Иван Мележ - Люди на болоте (Полесская хроника - 1)
- Не ходи! Миканорко, прошу!
Он взял ее за плечи, мягко, но твердо оторвал от себя.
- Мамо! Не мешайте! И не бойтесь!.. Драться не буду!
Разведу только!.. Слышите, мамо?
- Отойди! Ничего ему не будет! - помог Миканору отец.
Задержал старую.
Приближаясь к месту драки, Миканор, словно оглядывая свое войско, увидел, что с ним идут долговязый олешниковец, Ольгин Петро и бойко подпрыгивает на костыле Семен.
За мужчинами, как верная подмога, смело двинулись Ольга и жена олешниковца... Голова у Миканора была теперь ясная:
мороз, что сжимал ребра под гимнастеркой, хорошо отрезвлял, придавал бодрости. Миканор шел твердо и решительно.
Они еще не дошли, как шум на месте драки начал быстро спадать; люди, которые только что бегали, суетились, кричали, почему-то странно притихли, стали расступаться, отходили к изгородям, хатам. Миканор, еще ничего не понимая, невольно насторожился.
Тогда холодную улицу с темными человеческими фигурами и темными крышами по сторонам разорвал тонкий истошный женский крик:
- Убили!!
Миканор увидел - на сером в темноте снегу посреди улицы чернеет неподвижное тело, подбежал к нему.

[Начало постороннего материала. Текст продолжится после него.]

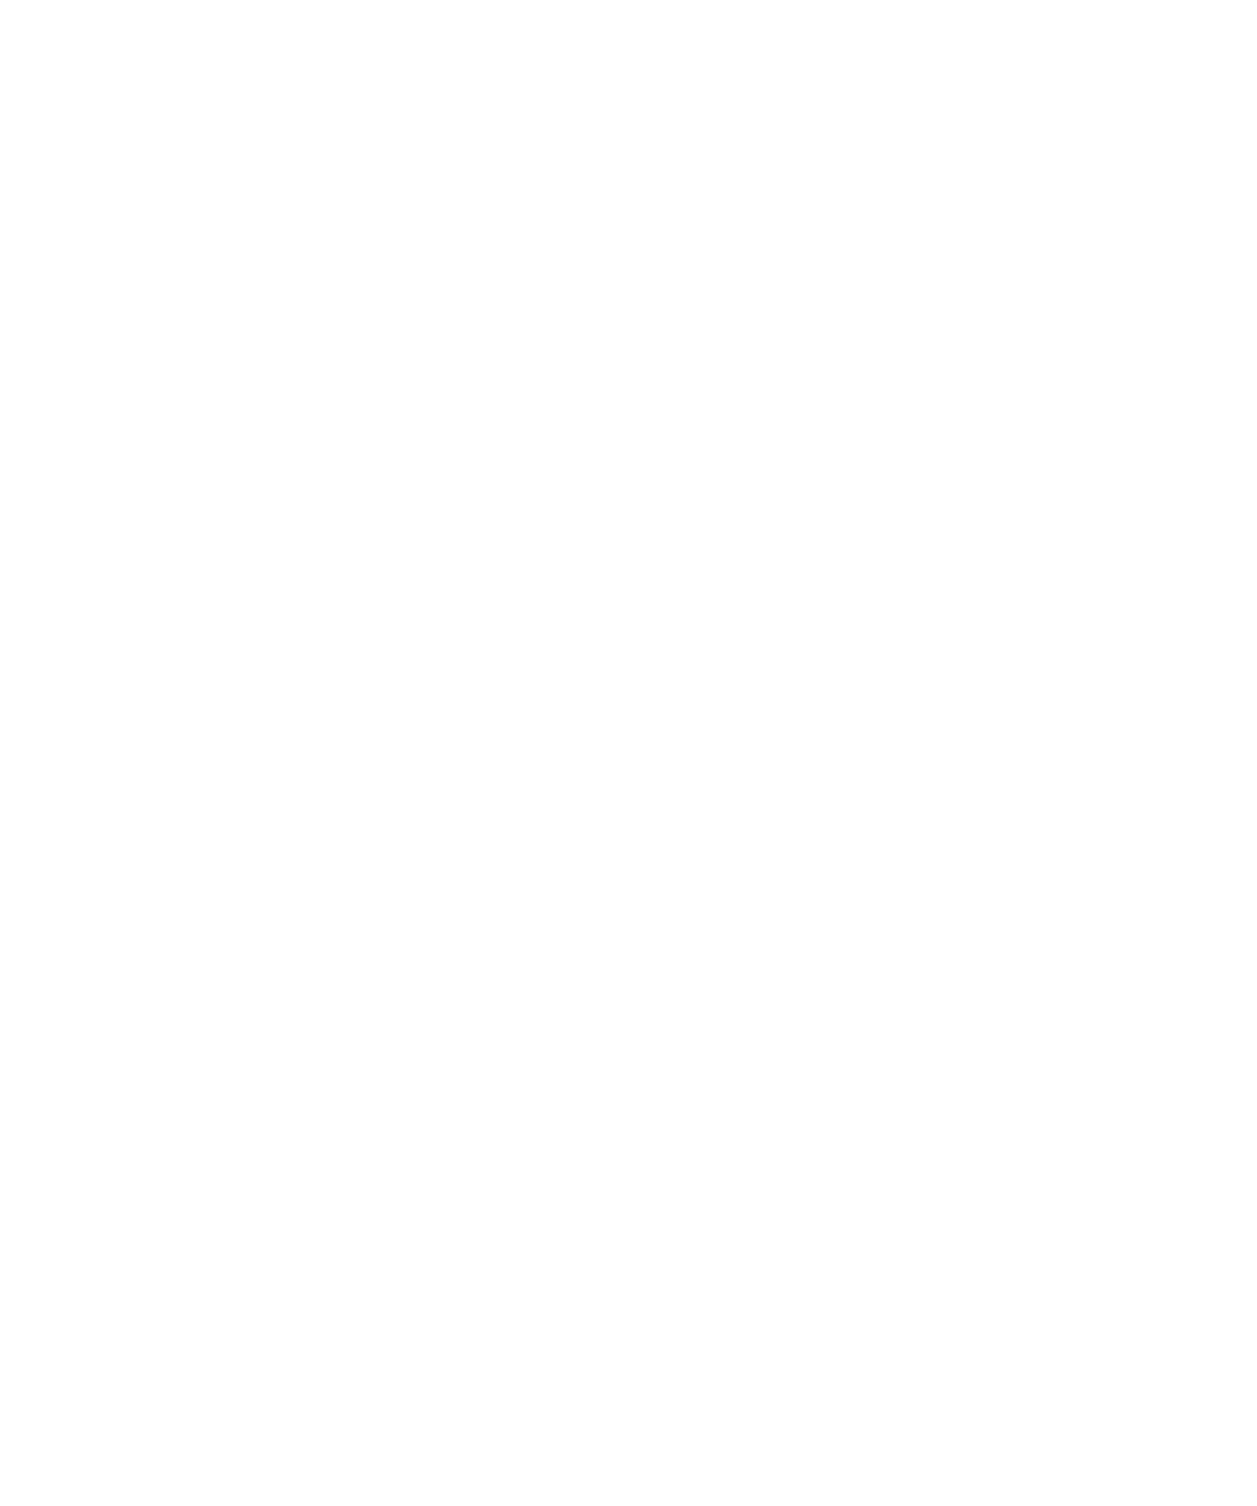 De blije merkontwikkelaar Diakonessenhuis logo

Наклонился над человеком, - бедняга казался мертвым, глаза закрыты, губы сжаты, утоптанный лаптями и сапогами снег чернел кровью.
Почти бессознательно отметил: парень - не куреневский, незнакомый, помня военную выучку, схватил руку парня за кисть, нащупывал пальцами пульс - признак надежды, неугаснувшей жизни. Нашел не сразу - от волнения или с непривычки; жарко стало, пока почувствовал, что пульс бьется... Жив!..
- Потри снегом лицо, шею! - сказал Миканор, а сам стал ощупывать голову парня. Кто-то подошел, наклонился рядом с Ольгой над парнем. Все молчали, не могли вымолвить слова.
Вокруг усиливался шум, теперь уже тревожный, шум, в котором часто можно было услышать страшное "убили". Кто-то из женщин запричитал .. Народу все прибывало...
- А может, не совсем его? - услышал Миканор несмелый вопрос Хадоськи; это она, значит, была возле Ольги.
- Голова, кажется, цела...
Толпа обступала со всех сторон все теснее, все шумливее.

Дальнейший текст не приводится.